Mastering GraphQL with Java and Spring Boot: Build an Event Booking App

Introduction

GraphQL is a powerful query language and runtime for APIs that allows clients to request exactly the data they need. You can think of GraphQL as SQL for APIs where you can select the fields and join the data you need based on a schema. In this comprehensive guide, we'll explore GraphQL fundamentals and build a complete event booking application using Java and Spring Boot.

Before we dive into GraphQL, let's have a look at the evolution of API technologies.

Evolution of RPC/API Technologies

Initially, we had technologies like CORBA (Common Object Request Broker Architecture) and RMI (Remote Method Invocation) for building distributed systems. These technologies were complex and had limitations like language-specific bindings and lack of interoperability.

Then SOAP (Simple Object Access Protocol) was introduced as a standard for exchanging structured information in XML format. SOAP messages were typically sent over HTTP, but they were verbose and complex.

Introduction of REST completely changed the way APIs were built. In REST we identify resources using URIs and use standard HTTP methods like GET, POST, PUT, DELETE to interact with the server. REST APIs are easy to understand and implement and easy to integrate with web applications. REST APIs usually use JSON for data serialization and continue to be most widely used for building APIs.

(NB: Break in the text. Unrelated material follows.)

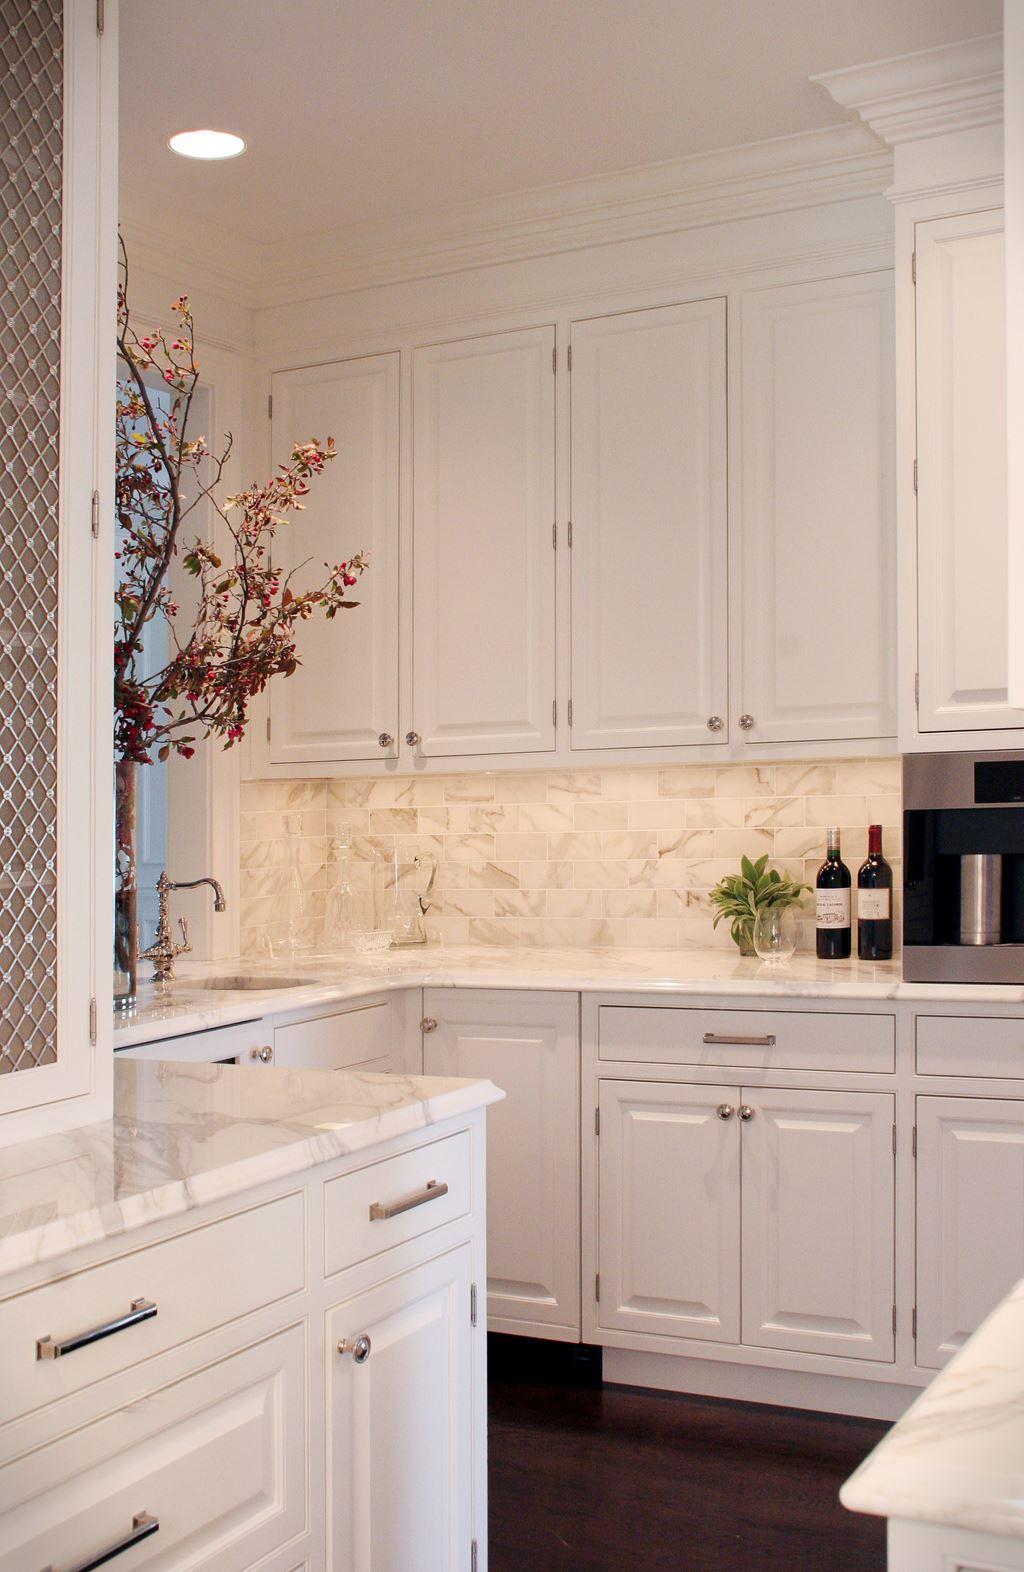 The Classic White Kitchen Deconstructed | Sub-Zero, Wolf ...

However, like any other technology REST APIs also have some limitations which make them not suitable for some use cases. gRPC and GraphQL emerged as alternatives to address such scenarios.

Related topics:

• gRPC with Java and Spring Boot

How REST APIs Work and Limitations

Before diving into GraphQL, let's have a look at how traditional REST APIs work:

In REST a resource is identified by a URI (Uniform Resource Identifier), and clients interact with the server using standard HTTP methods like GET, POST, PUT, DELETE. The server sends responses usually in JSON format. REST mostly use HTTP/1.1 for transport.

While REST is simple and widely adopted, it has limitations for some use cases:

• Over-fetching: Getting more data than needed
• Under-fetching: Requiring multiple requests to get related data
• Versioning challenges: Breaking changes require new API versions
• No standard contract: API documentation often becomes outdated

GraphQL emerged as a solution to these problems at Facebook and then it was open-sourced in 2015.

What is GraphQL?

GraphQL is a query language and runtime for APIs that provides a complete and understandable description of the data in your API. It gives clients the power to ask for exactly what they need and nothing more, making it easier to evolve APIs over time.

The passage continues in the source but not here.